TARIQ ALI: Well, I mean, you know, I think both of them were wrong, quite honestly. I think obviously Hillary Clinton was foolish, if not crazy, to support the war in Iraq. She couldn’t see beyond her nose. And it’s good that Obama opposed it. But for Obama and, I may say, many others who say that the only reason they can’t do anything in Afghanistan is because they are bogged down in Iraq is nonsense. I mean, they took Afghanistan without a fight. There was no—in the early years, there was no resistance at all. And the reason for that is that the Taliban didn’t fight. The Pakistani army told them, “Don’t fight back now. We don’t want to have any more people killed. Let them take over the country.”

AMY GOODMAN: But the point of Axelrod’s comment, the top strategist for Barack Obama, was responding to the assassination of Benazir Bhutto, saying that here you have the war in Iraq, it diverted us from Afghanistan and al-Qaeda, and now we see the effect of this, responding to Benazir Bhutto. And this has caused a bit of an uproar here saying—as he’s saying that Hillary Clinton is, you know, partially responsible by supporting the war and then seeing the surge of al-Qaeda in other places.

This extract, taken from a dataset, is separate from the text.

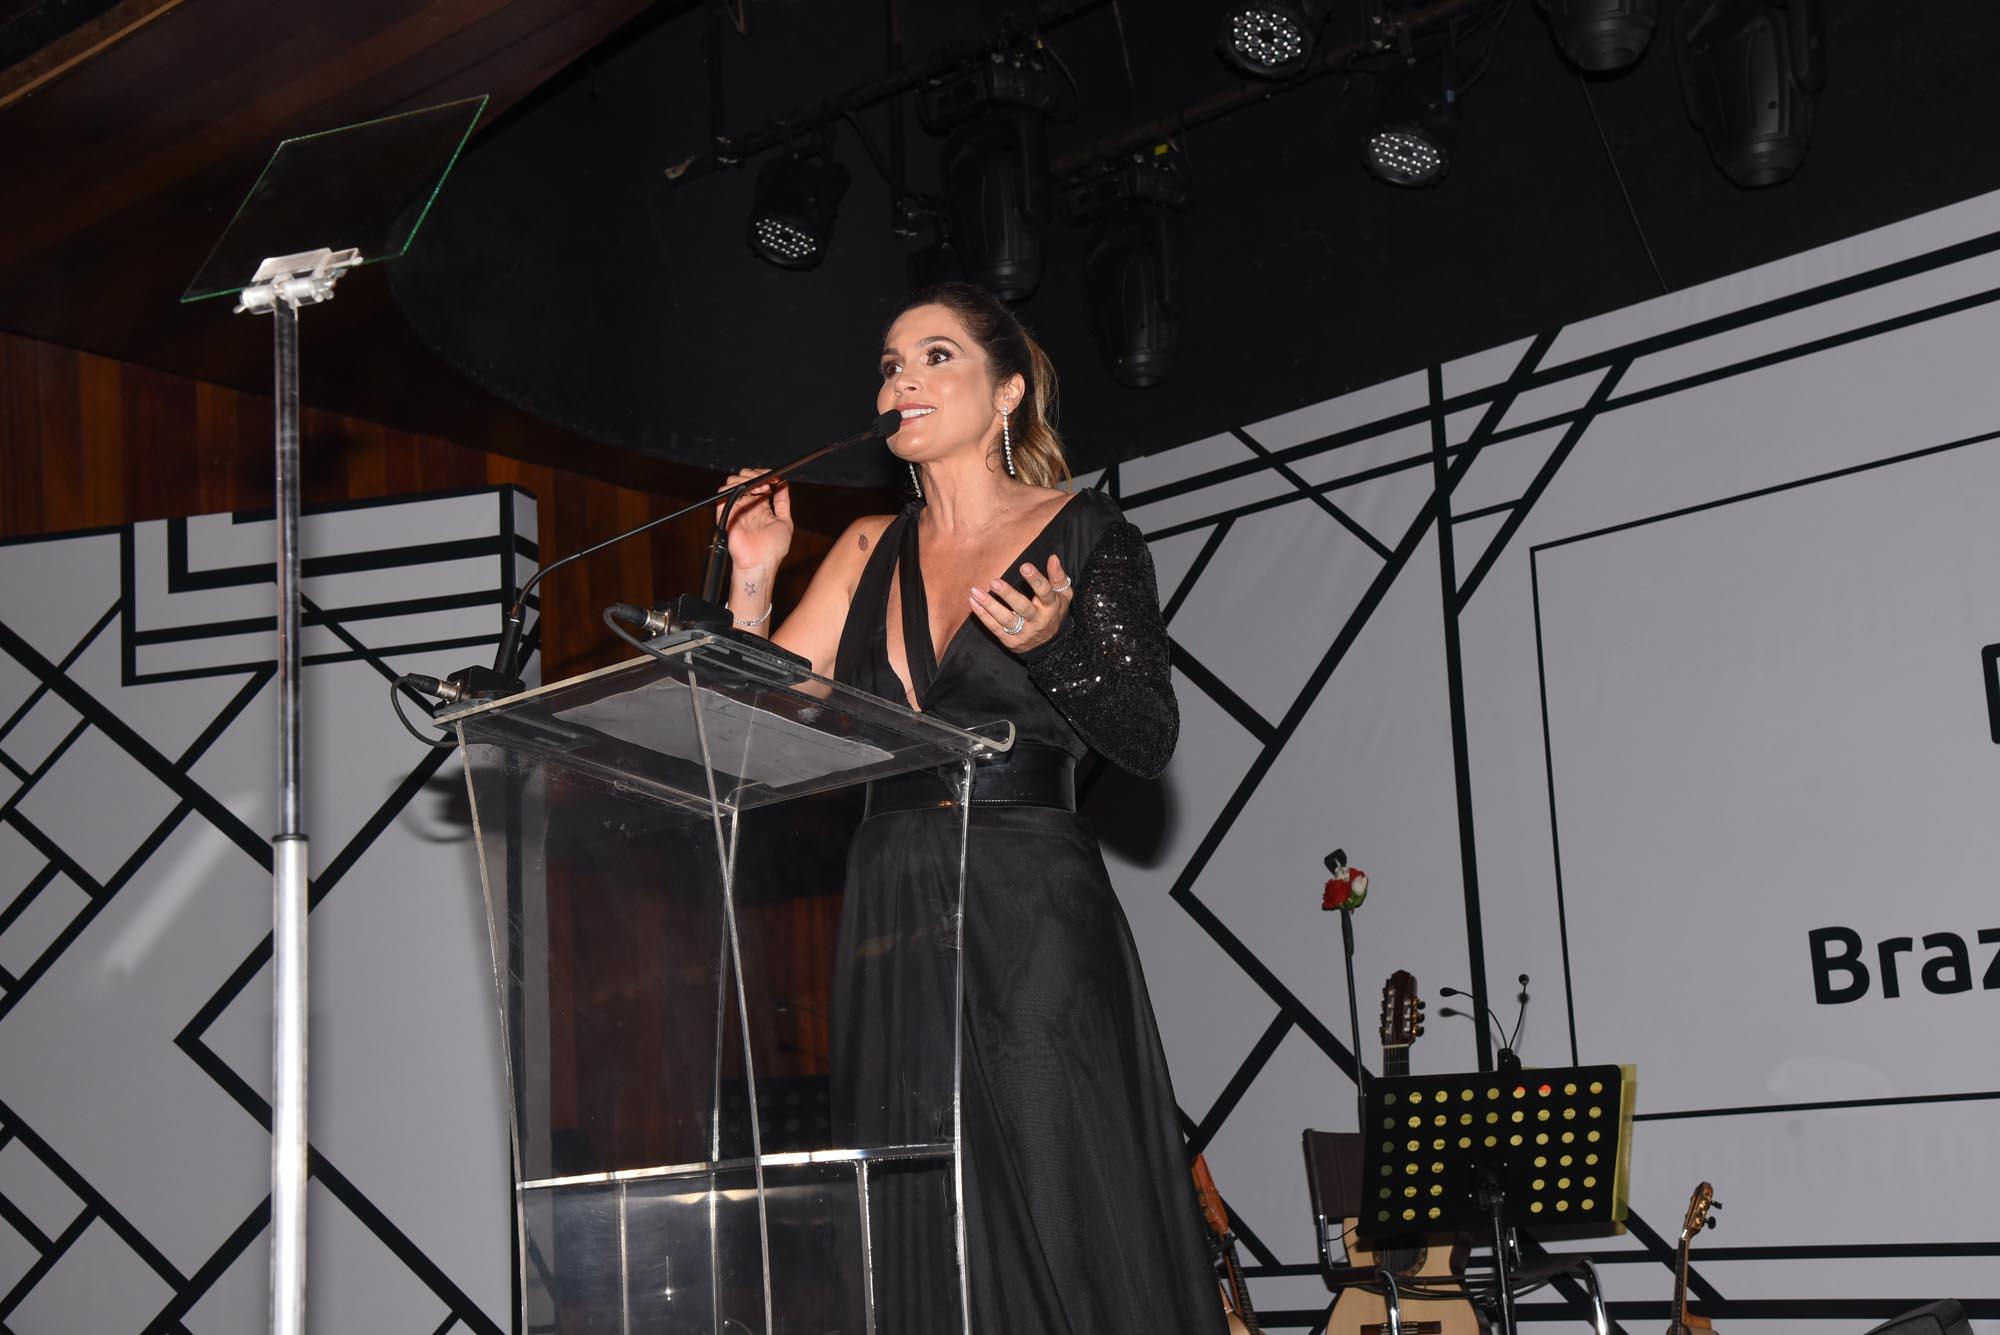 Flavia Alessandra V BrazilFoundation Gala São Paulo Chanel 2018 Filantropia Brasil Philanthropy Brazil

TARIQ ALI: Well, Amy, I mean, all I can say to that is, you know, politicians will say anything in the run-up to the primaries. But let’s assume they hadn’t invaded Iraq, OK? And let’s assume that they had sent twice as many soldiers into Afghanistan. I mean, the Russians, after all, did that. The notion that this would have somehow transformed the situation in Afghanistan is a joke. We don’t even know to this day whether al-Qaeda was behind Benazir Bhutto’s killing. I’m amazed to see newspaper headlines in quite a lot of Western newspapers. There is no evidence for it. For her to be killed not far from military headquarters, Pakistan’s military capital, in the heart of the city, I personally find it very difficult to believe that any group of religious extremists could have carried this out without some support from some agency within the establishment. I can’t believe it. So they assume that al-Qaeda carried this out.

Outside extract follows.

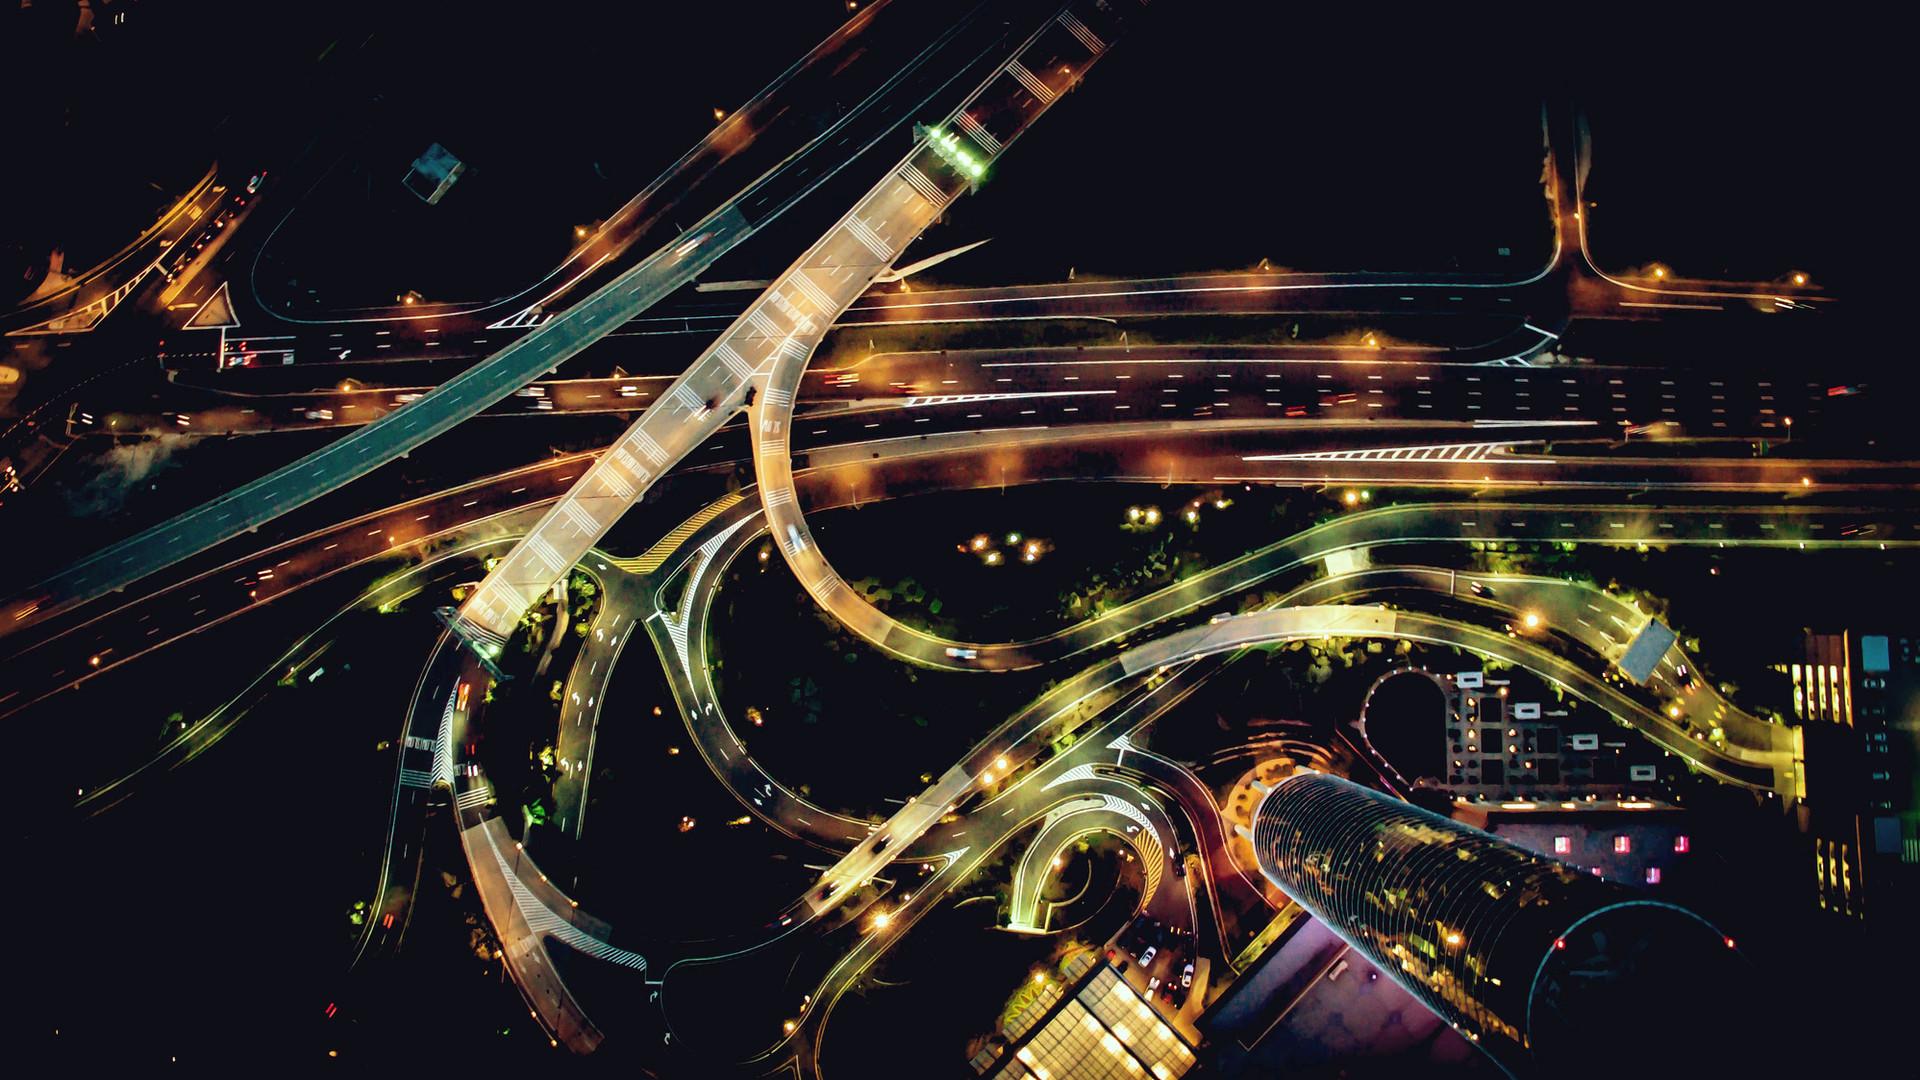 Nightimt aerial view of road junction

But to return to Obama, if you’d had, you know, three times as more US troops in Afghanistan, casualties would have been higher. People would have—more people would have been fighting it. The real problem in Afghanistan is that they occupied it without having any understanding whatsoever what they were going to do. They put Karzai in, and they couldn’t do anything to transform the lives of ordinary people in that country. You have large-scale corruption with Karzai and his cronies getting rich, with Karzai’s brother actually in charge of the heroin trade and arms smuggling. That’s the problem, that the people they put in had—were feathering their own nests. So I think Obama is out of line on this. I mean, there is no guarantee that if he had sent twice or three times as many troops, that the situation would have been any better. It could have been worse.

JUAN GONZALEZ: I’d like to ask Manan Ahmed about the whole issue of the assassination and also its impact on the Bush administration policies regarding Pakistan. Clearly, all indications, or at least in the press in the US, are pointing to al-Qaeda. But as Tariq Ali raises the issue of the government’s involvement is not—is certainly not out of the question. Your sense of the security precautions for Benazir Bhutto and also the impact on the Bush administration’s policies there?

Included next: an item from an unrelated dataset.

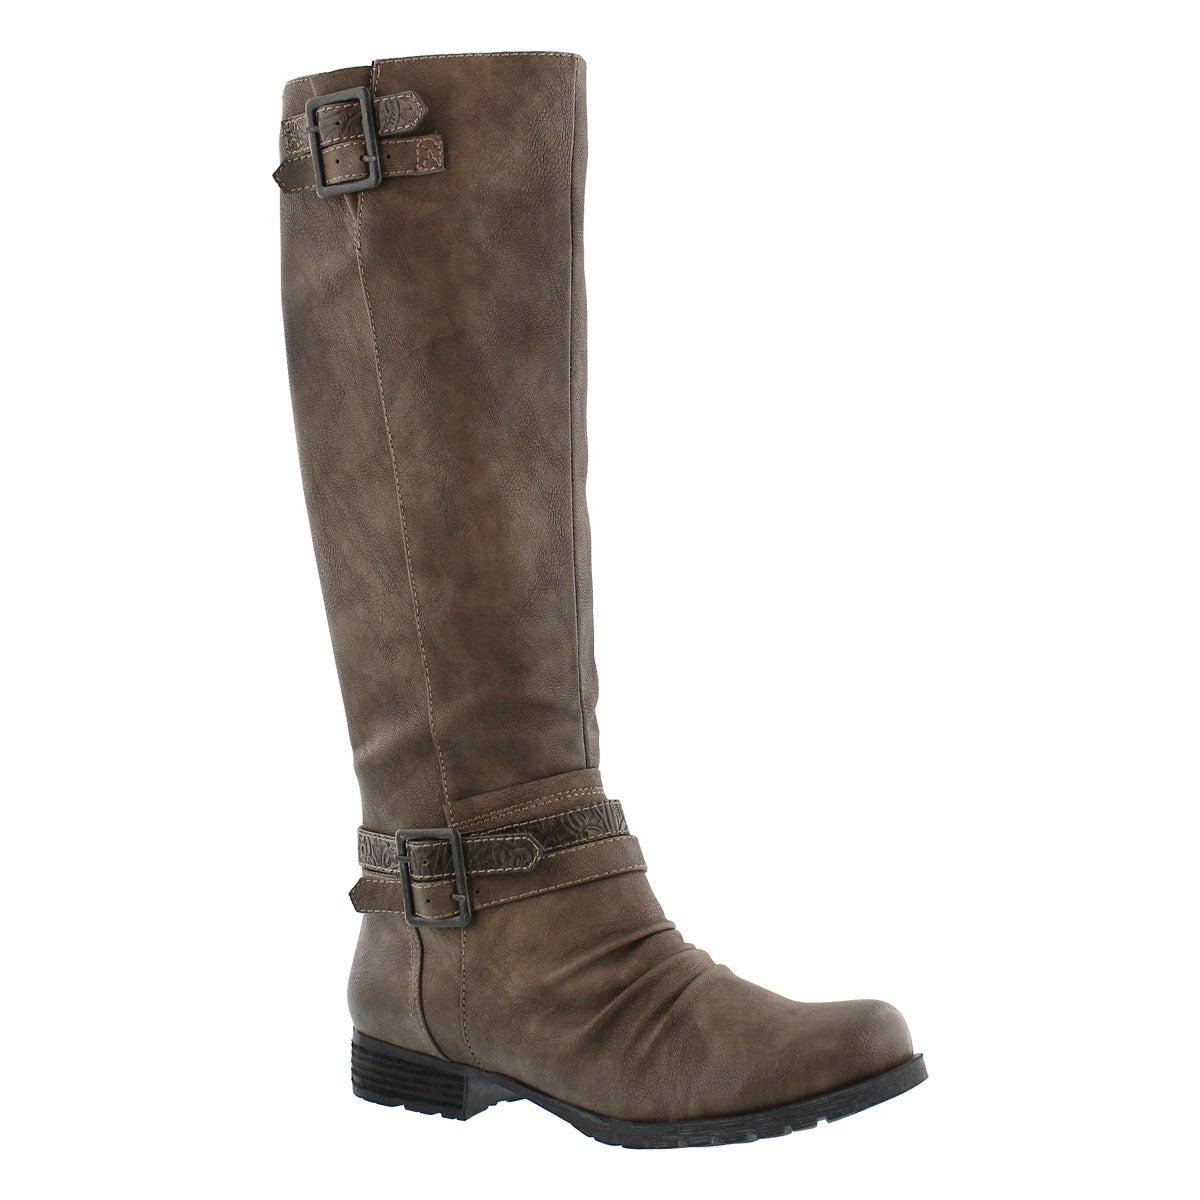 Lds Blixi II grey riding boot

MANAN AHMED: Right. On the security front, there was lots of reports in local media in the last three or four days about the rally and specific threats made against Benazir Bhutto at that specific rally. And in fact, there was a report issued by the government saying the security at Liaquat Bagh is going to be foolproof and, you know, we’re taking all steps to make sure that she has—you know, that she’s completely secure. So, obviously, you know, reality did not jibe with whatever aversion that the government was sort of publicly proclaiming.

But I want to sort of step back a little bit and talk about this notion of how the United States has, since 1951, when Liaquat Ali Khan was assassinated, another prime minister of Pakistan, and military regimes were put in place—there has been the—you know, American foreign policy has been towards developing individuals, you know, people that they can sort of work with and trust in these key areas in Pakistan and other Southeast Asia and the world. And so, you have a political climate which is geared towards cult of personality or charismatic leadership, Zulfikar Ali Bhutto being another key example, Benazir’s father, and then Benazir herself when she comes back. And so, a lot of, you know, discussions, such as Tariq Ali, the history that he sort of described about Bhutto’s machinations in power and her turmoil in her family life, goes to the fact that Pakistan was not allowed or did not have an adequate political sort of social structure—political structure throughout its history. So you have these personalities that at some point drop in and drop out, are assassinated, are blown out of the sky, as General Zia-ul-Haq was, and you end up to this day, where Benazir Bhutto is assassinated—entire foreign policy in the White House hinged on her—there is a complete vacuum of any leadership, outside of her, in that party at the moment.

So, you know, even if elections, as the White House is saying, that, you know, elections should go forth—which, again, is ludicrous—on January the 8th, well, who is going to stand on those elections in terms of leadership, true leadership? There is none in the People’s Party, since Benazir sort of gathered all that influence into her own person, even in exile. And the same situation is true in other main parties in Pakistan.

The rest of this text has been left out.